» **Data section**:
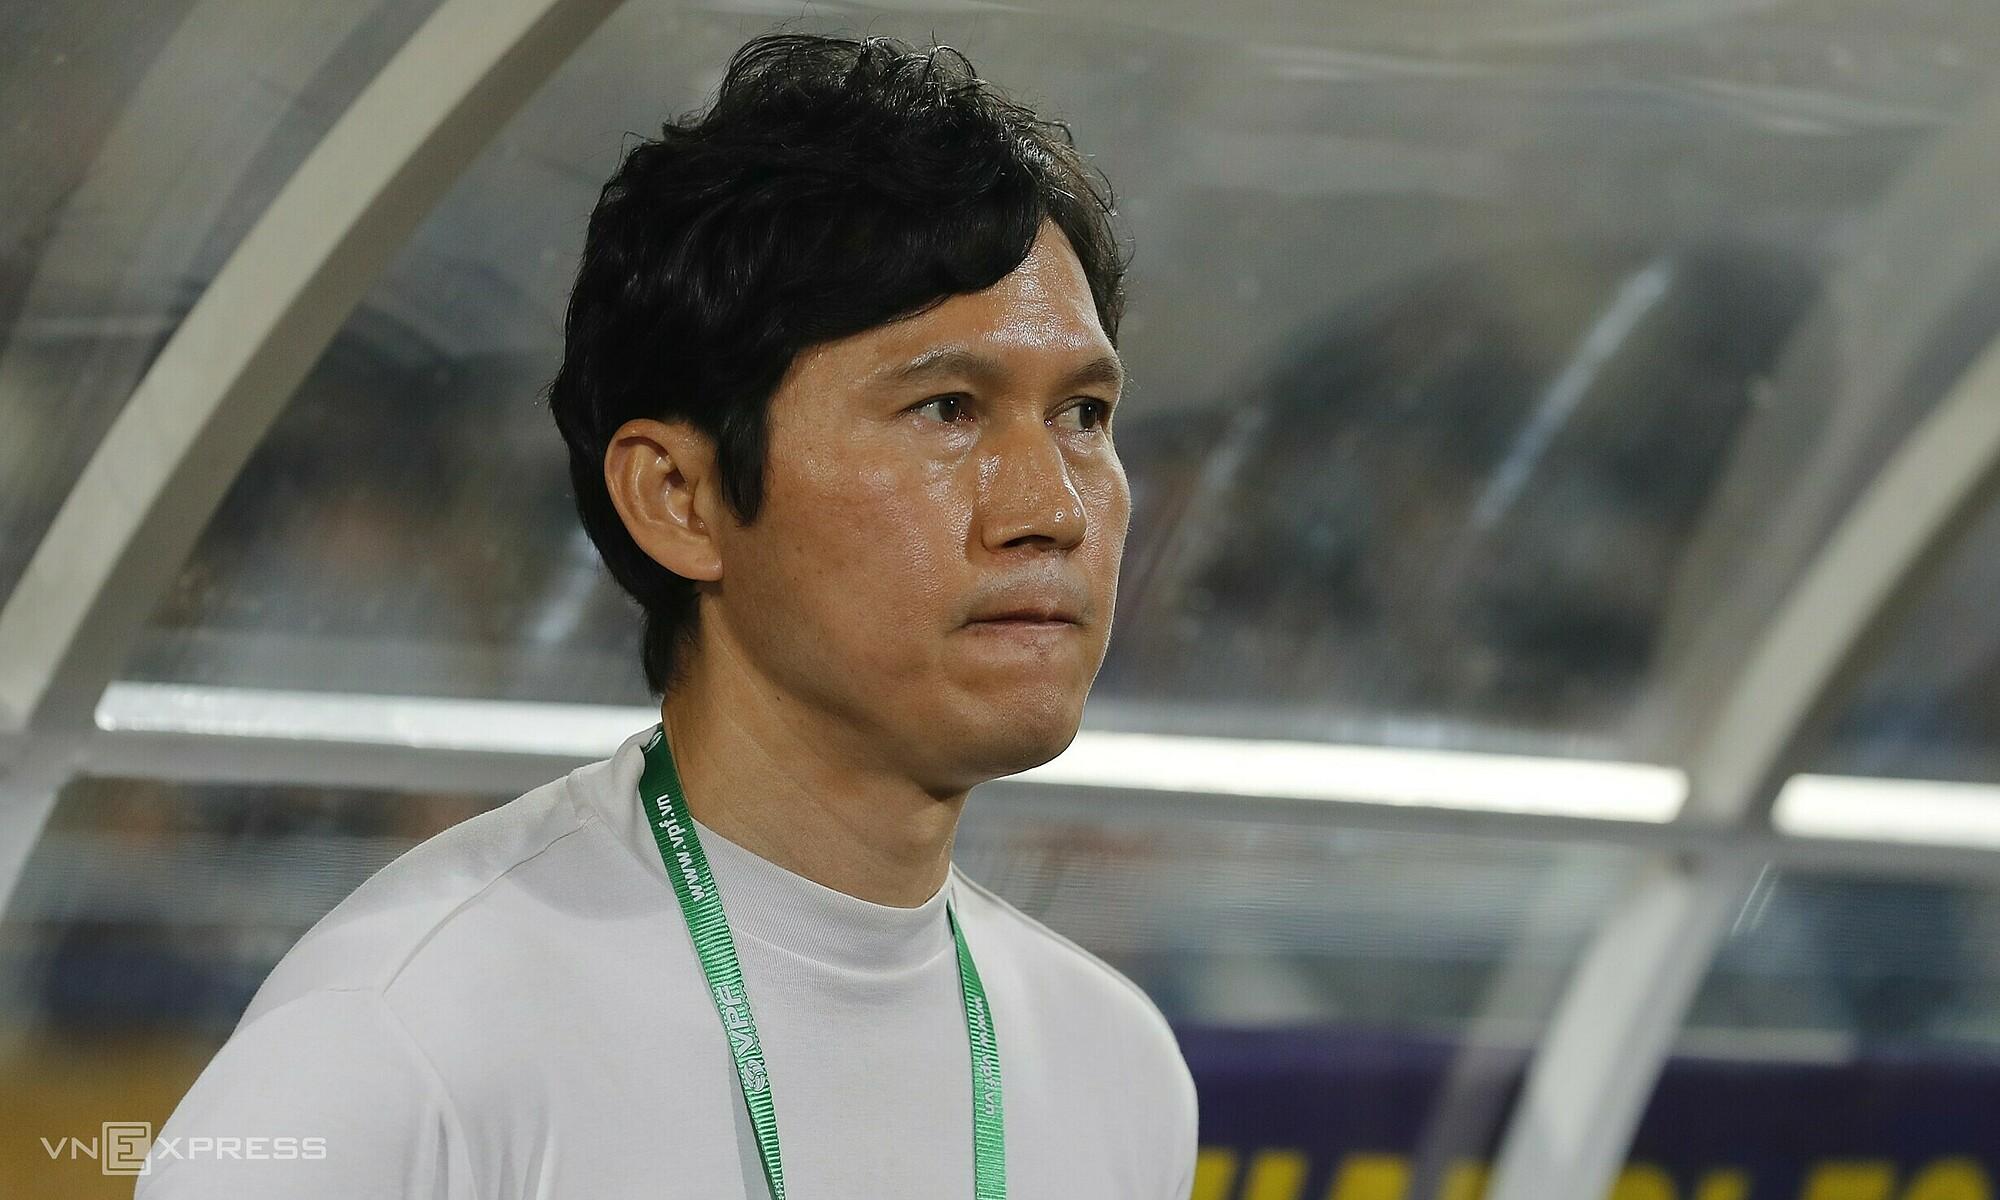 Coach Park bekerja di klub Korea dan Cina sebelum pergi ke Vietnam untuk memimpin Hanoi FC.
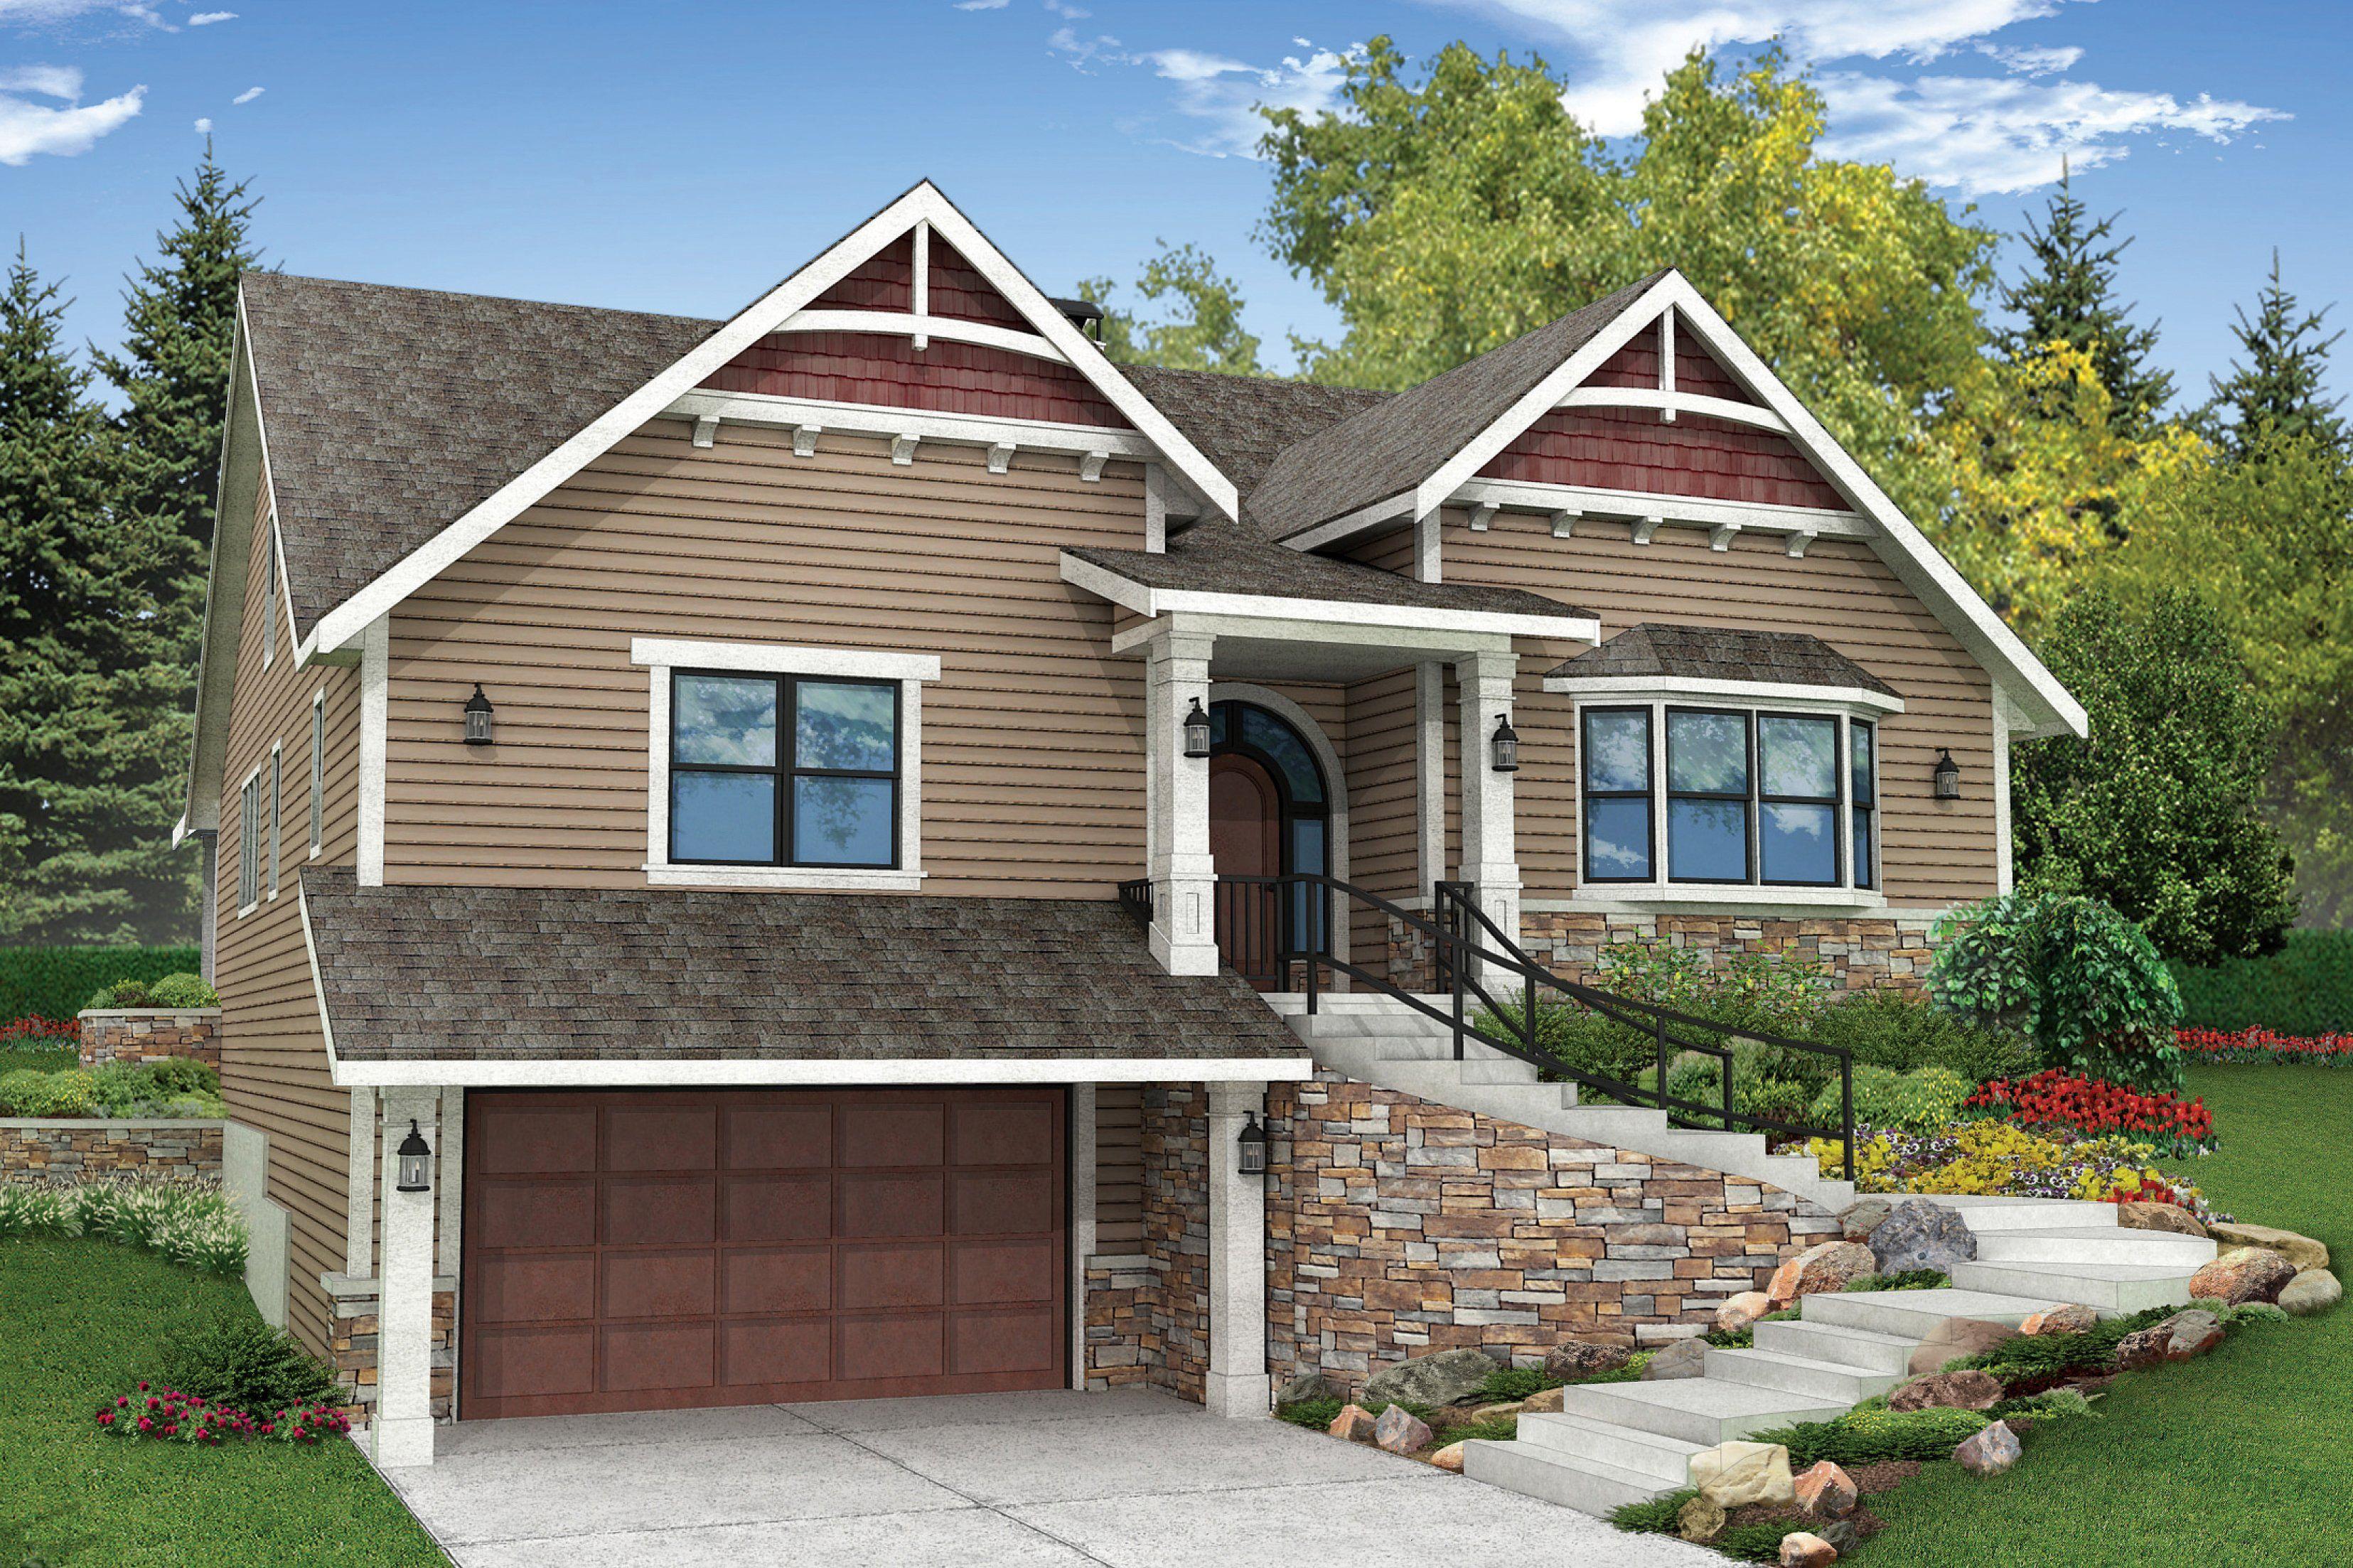 e6b606c4b06e015243f27561ed5477c0 house plans name sloping lot or hillside home plans house plans,Home Plans Sloped Lot
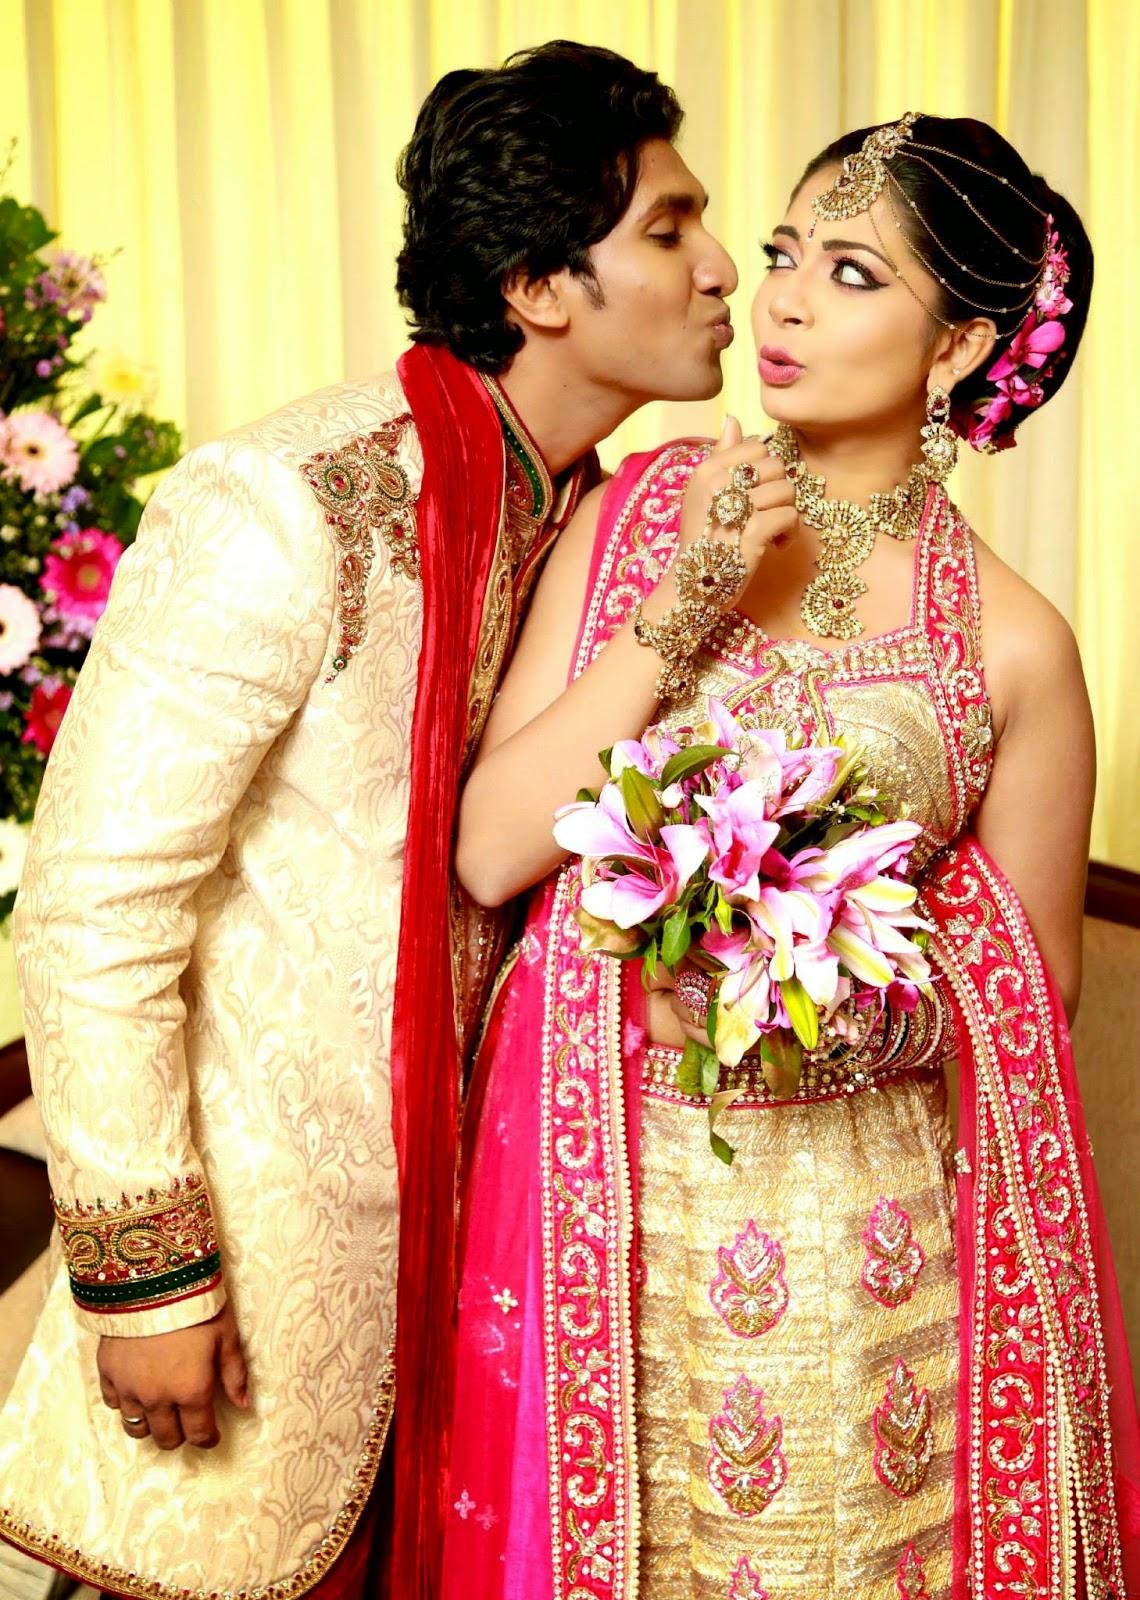 Udari Kaushalya and Sangeeth love

» **Problem description**:
Copy exactly, and only, the lines from the line containing "e6b606c4b06e015243f27561ed5477c0 house plans" through the final line of the material above, with no pictures.

» **Exercise answer**:
 e6b606c4b06e015243f27561ed5477c0 house plans name sloping lot or hillside home plans house plans,Home Plans Sloped Lot
 Udari Kaushalya and Sangeeth love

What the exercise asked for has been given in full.